# [Exercise directions]
Below are several records. Retype exactly those lines running from the one with "BJJ Swag Jet Tag Key Chain - BJJ Swag" through the one with "British and Fort", end lines included, and no others.

# [Data to use]
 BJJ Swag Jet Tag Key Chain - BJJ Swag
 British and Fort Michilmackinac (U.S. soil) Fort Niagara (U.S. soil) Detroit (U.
* * *
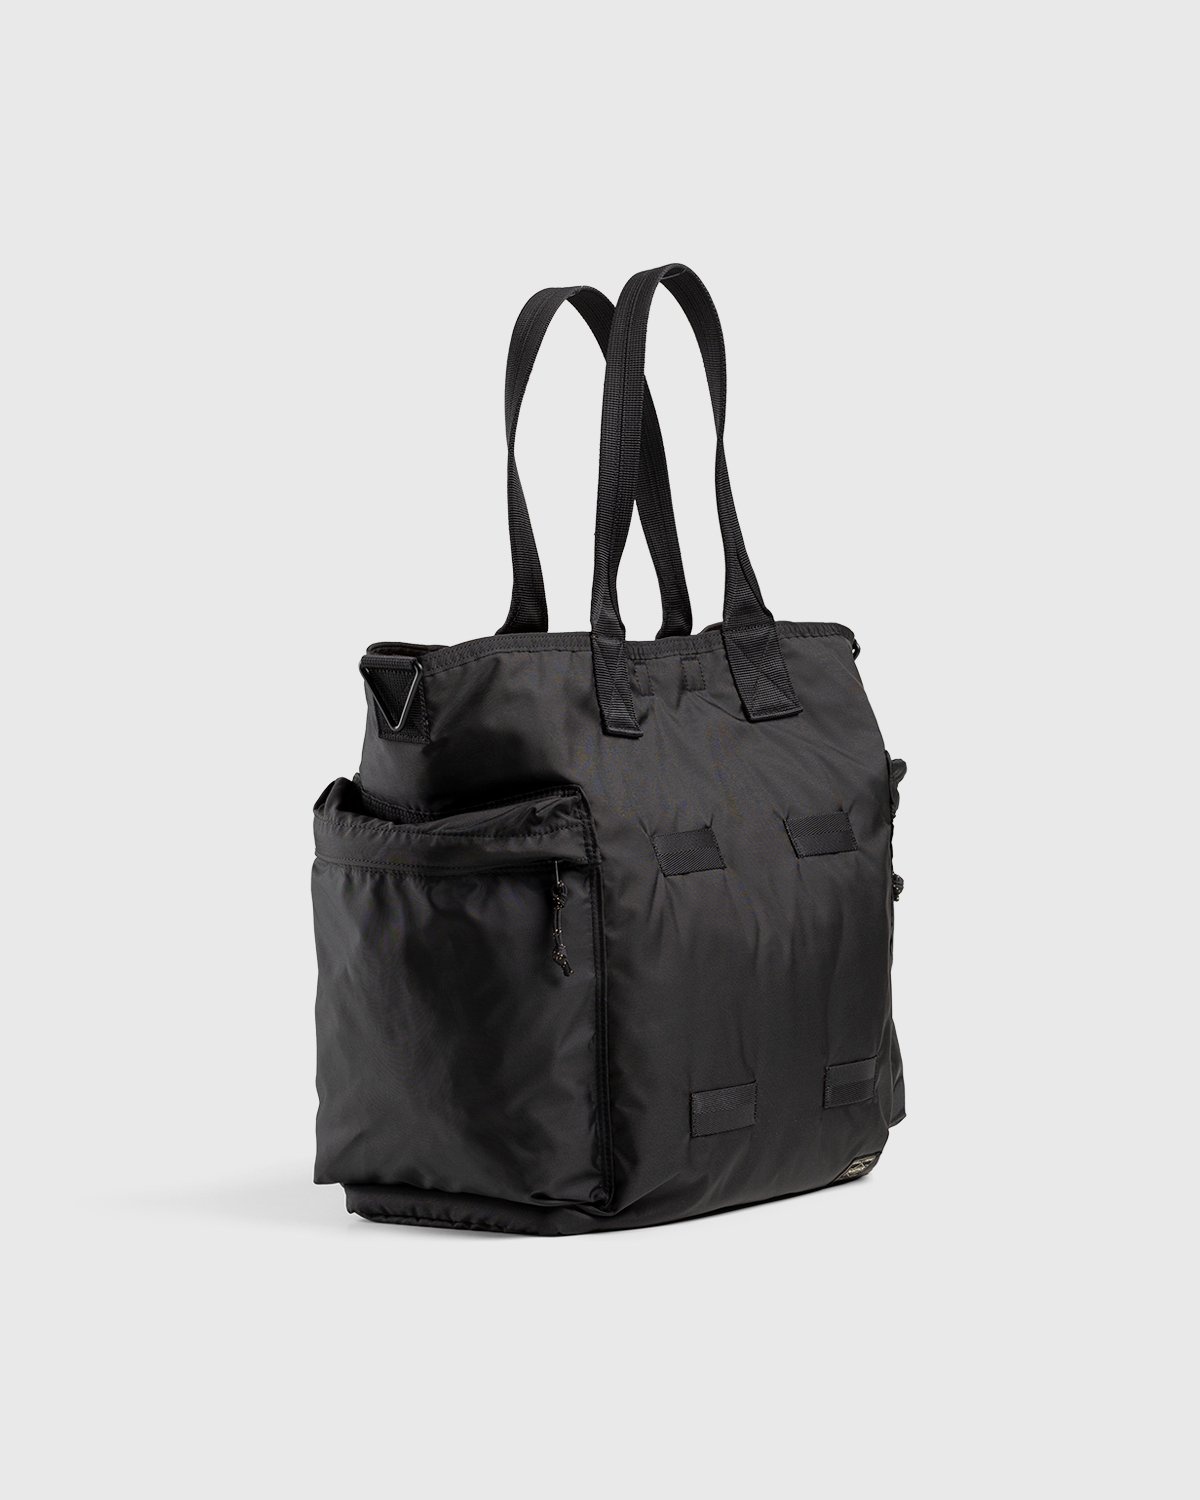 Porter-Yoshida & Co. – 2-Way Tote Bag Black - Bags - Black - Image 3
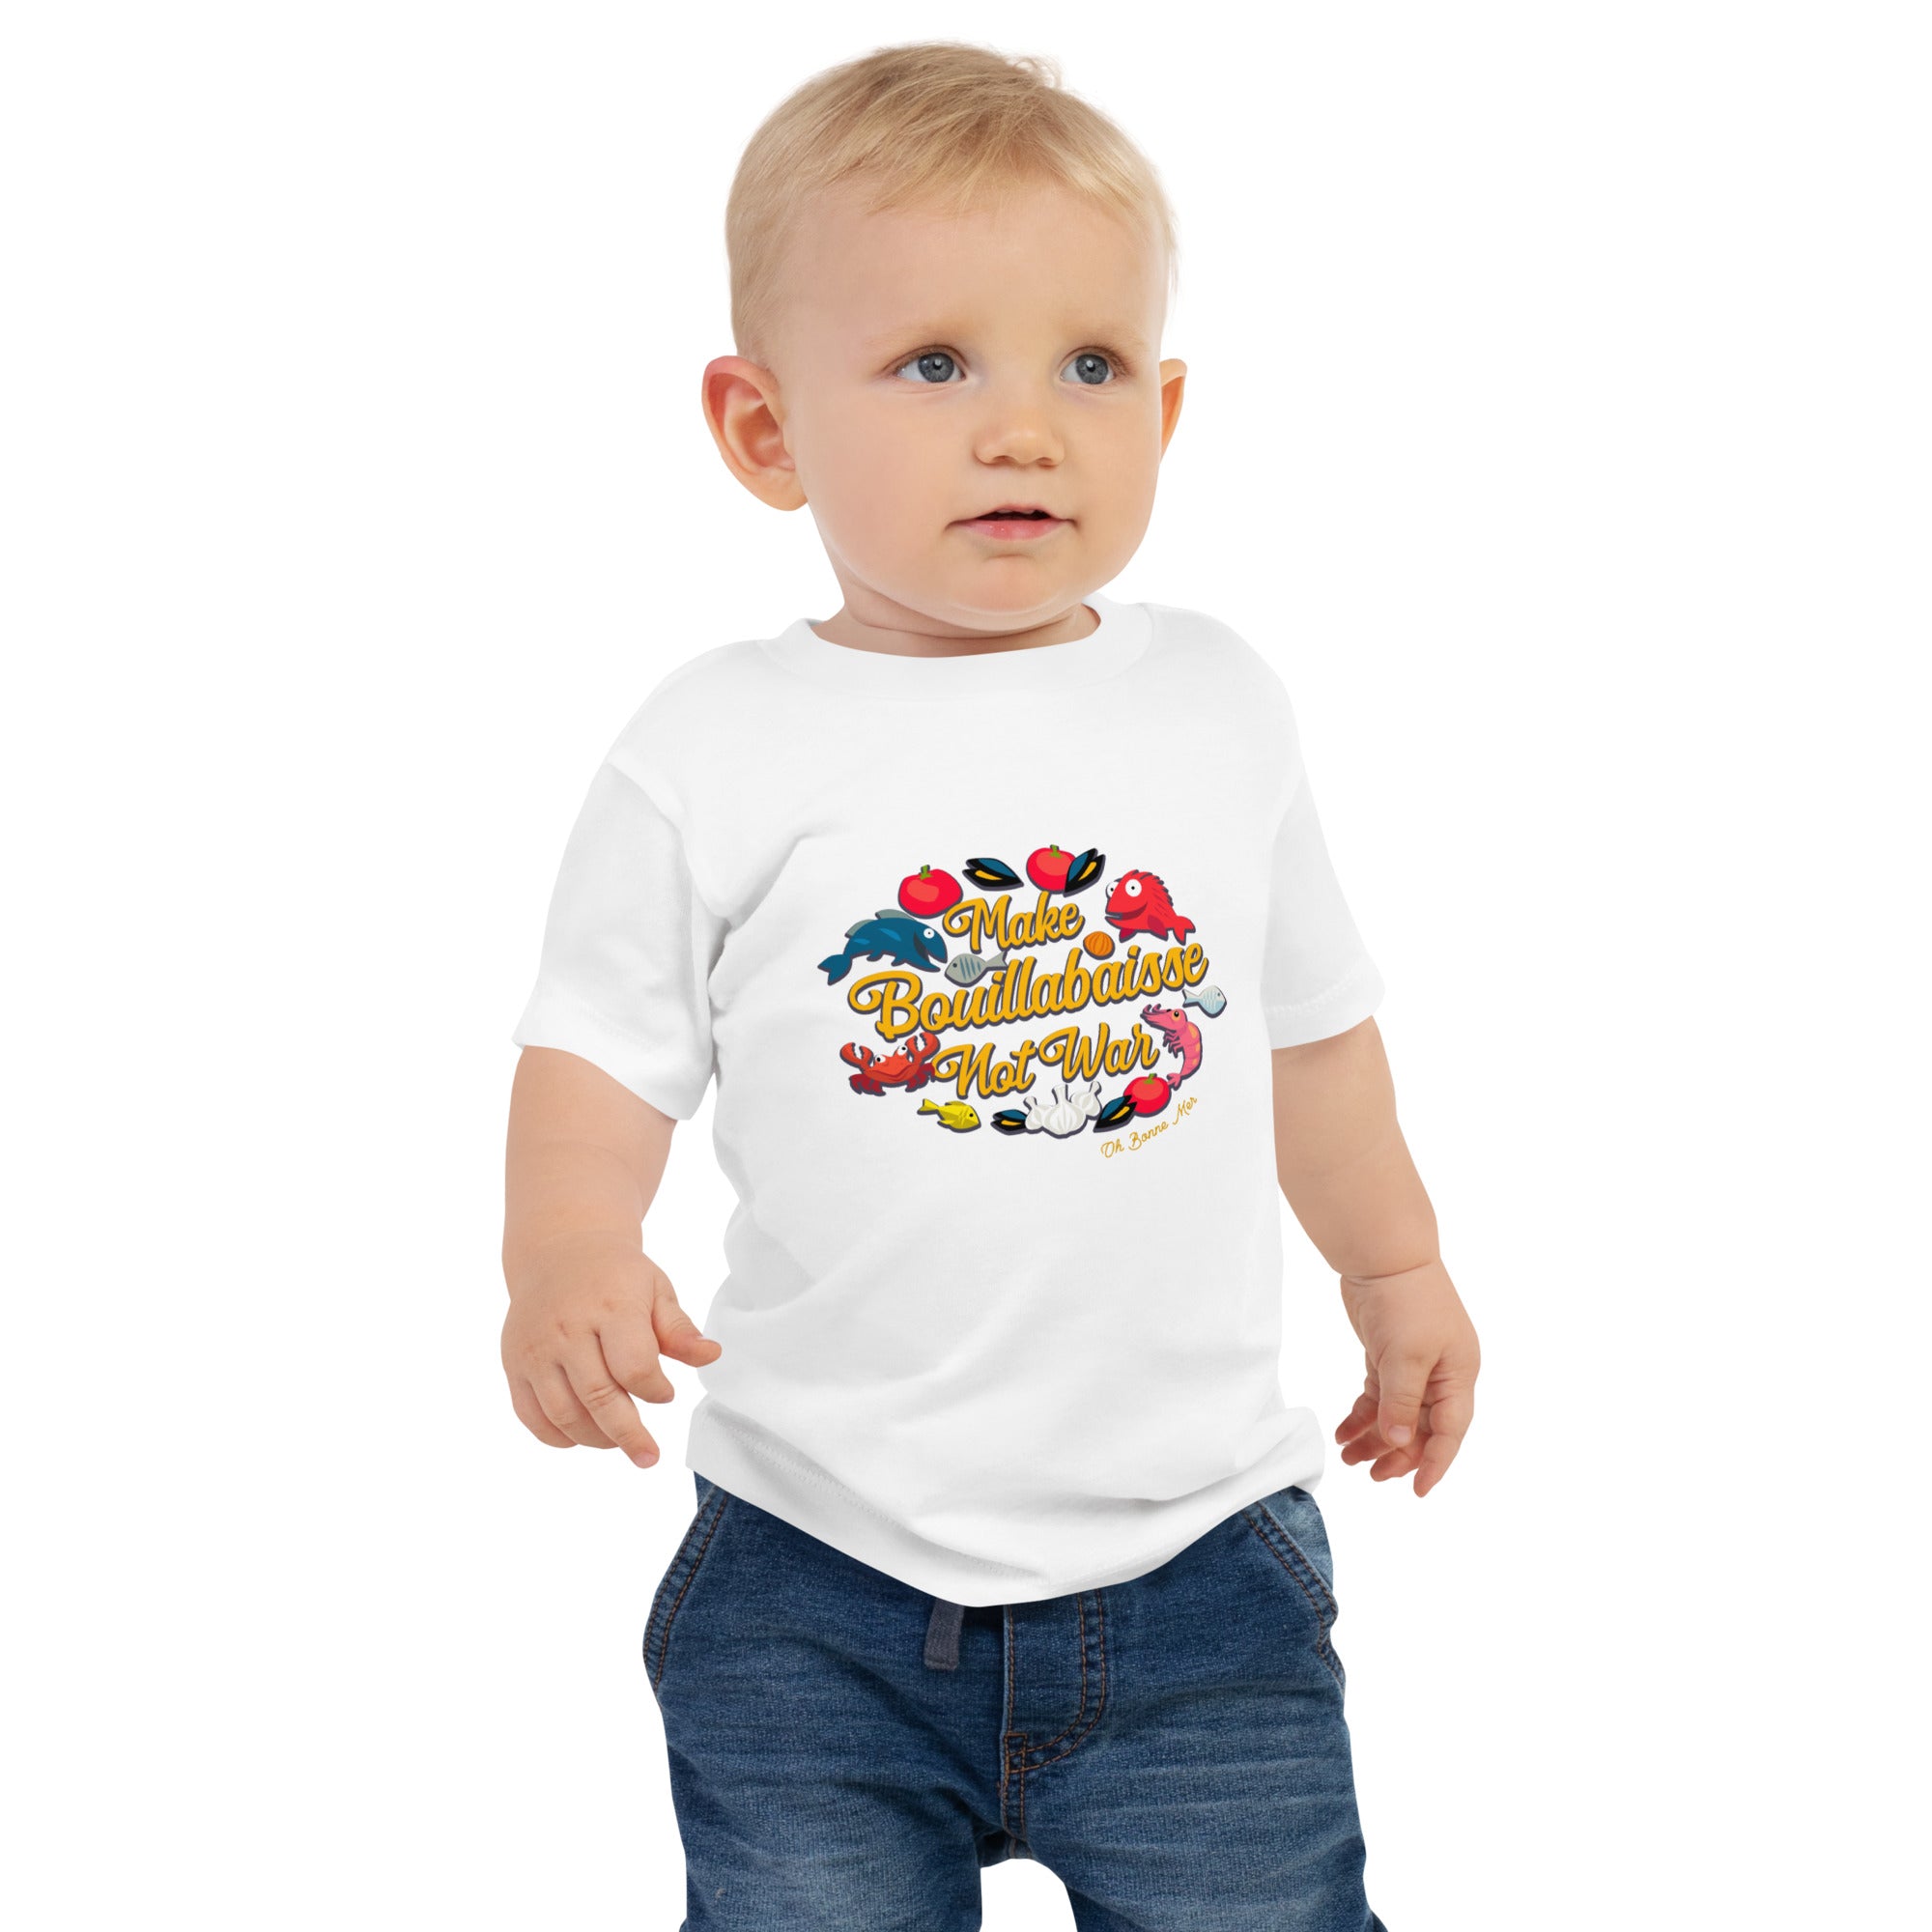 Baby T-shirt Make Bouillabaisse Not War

# [Solution for this task]
 BJJ Swag Jet Tag Key Chain - BJJ Swag
 British and Fort Michilmackinac (U.S. soil) Fort Niagara (U.S. soil) Detroit (U.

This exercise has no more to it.